● EXERCISE AIM
Restate every line of the material below word for word, skipping the images.

● DATA EXTRACT
▼
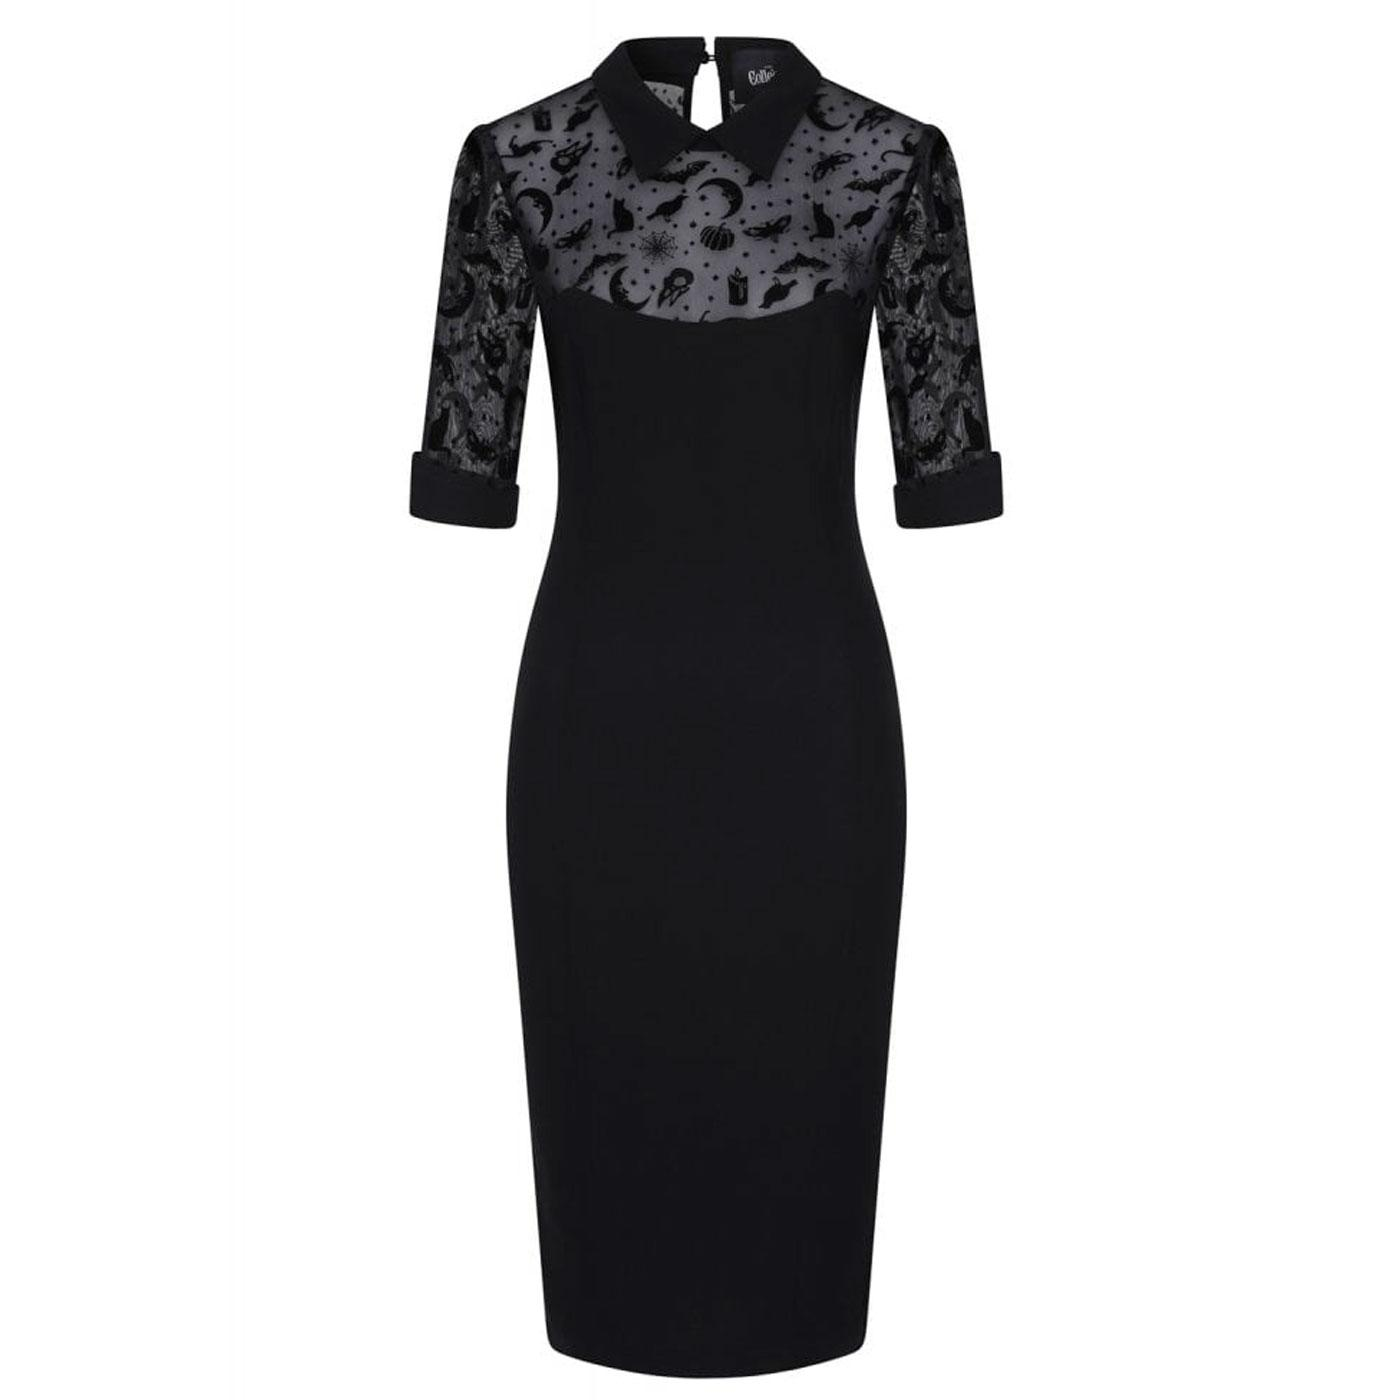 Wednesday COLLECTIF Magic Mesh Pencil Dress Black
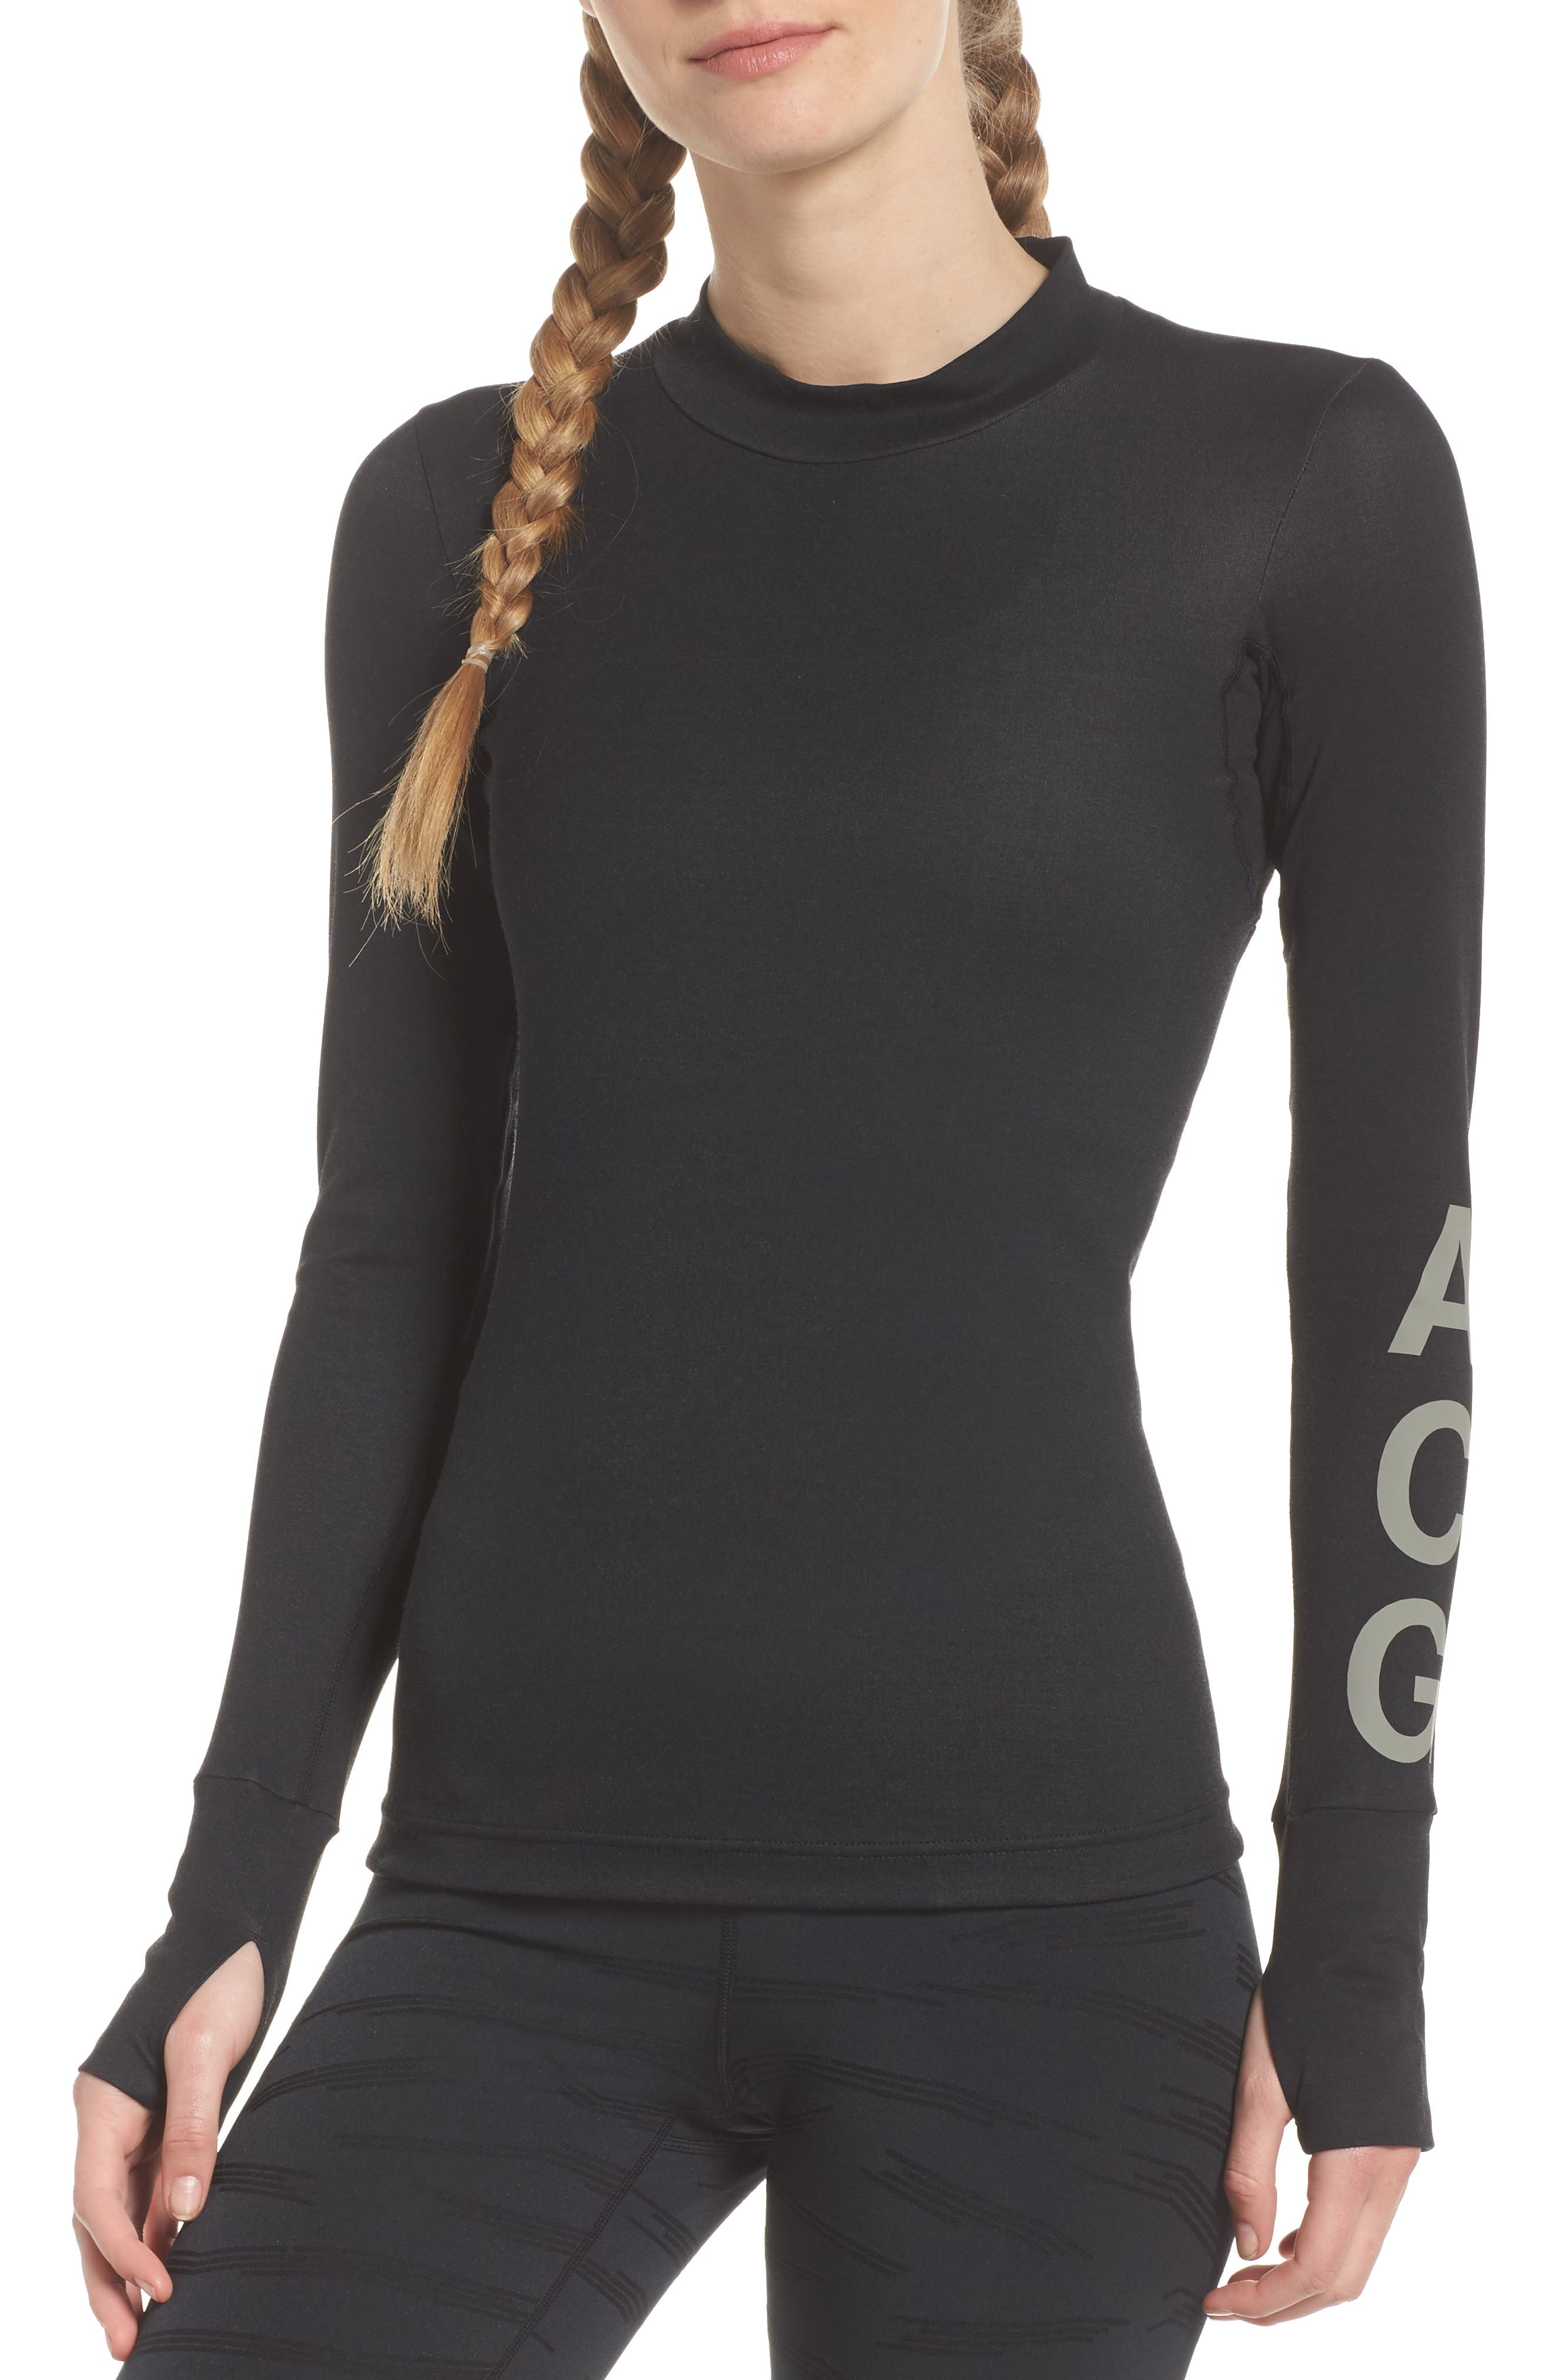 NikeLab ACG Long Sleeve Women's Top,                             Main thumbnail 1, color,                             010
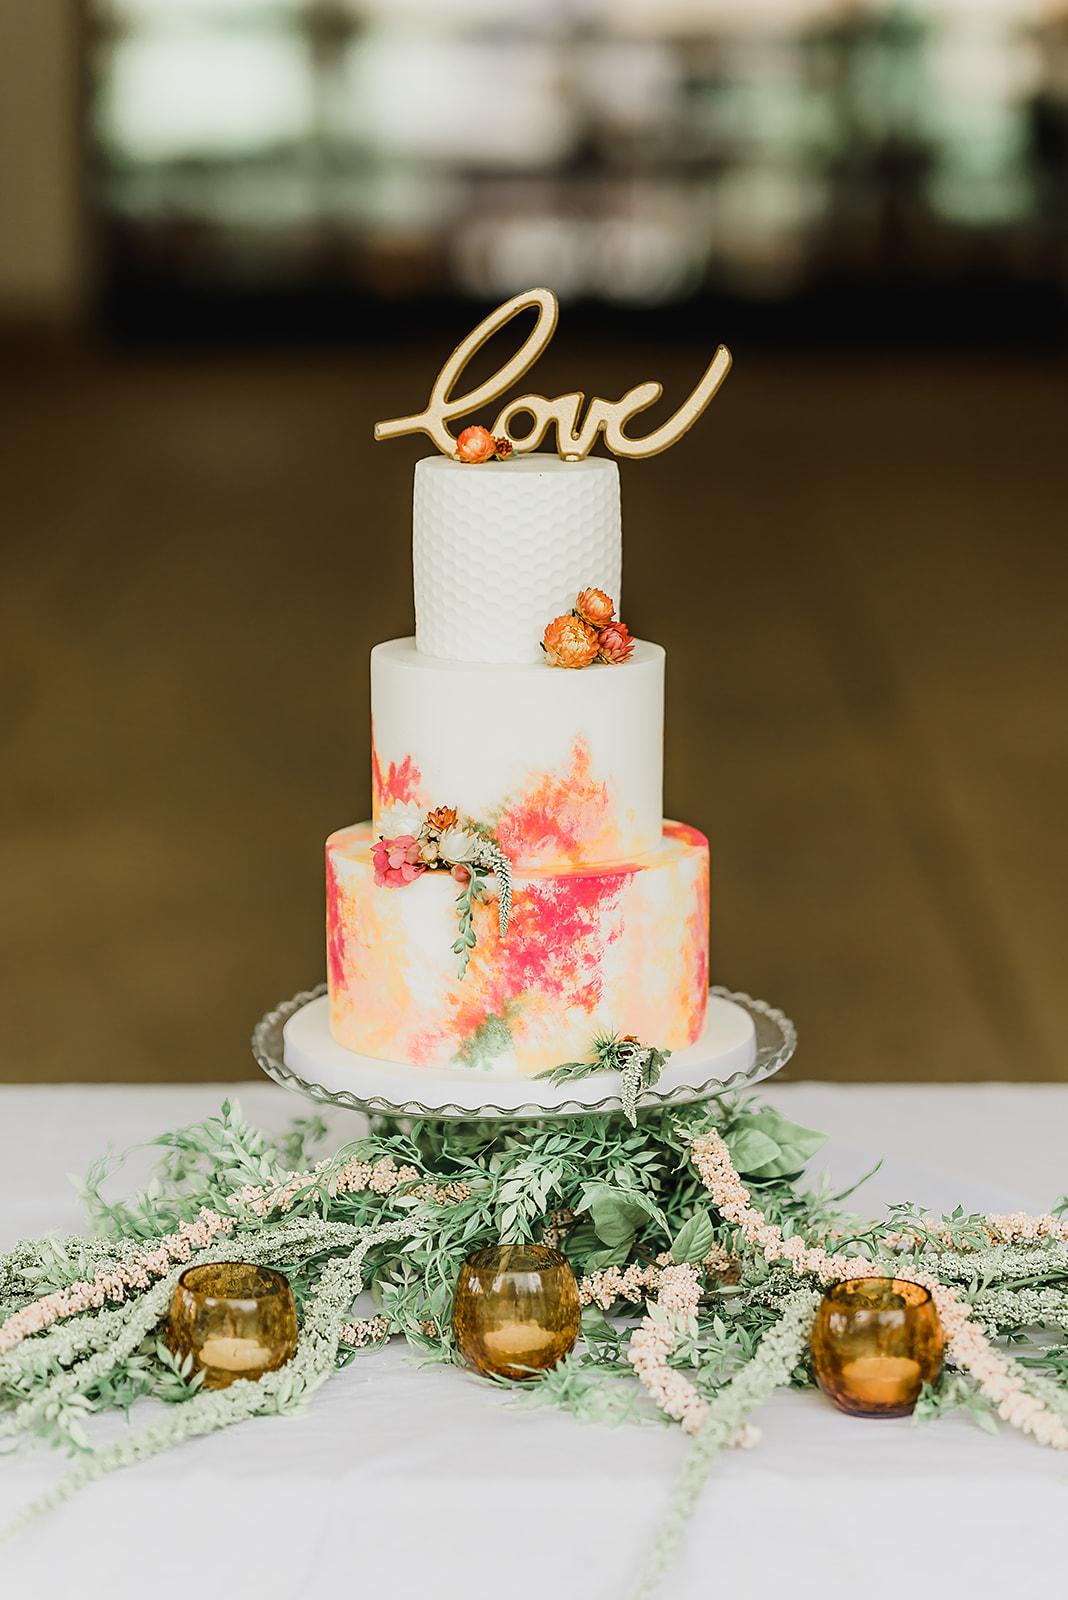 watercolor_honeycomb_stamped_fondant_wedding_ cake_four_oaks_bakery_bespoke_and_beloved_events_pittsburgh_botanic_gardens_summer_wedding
▲
● TASK RESPONSE
 Wednesday COLLECTIF Magic Mesh Pencil Dress Black
 NikeLab ACG Long Sleeve Women's Top,                             Main thumbnail 1, color,                             010
 watercolor_honeycomb_stamped_fondant_wedding_ cake_four_oaks_bakery_bespoke_and_beloved_events_pittsburgh_botanic_gardens_summer_wedding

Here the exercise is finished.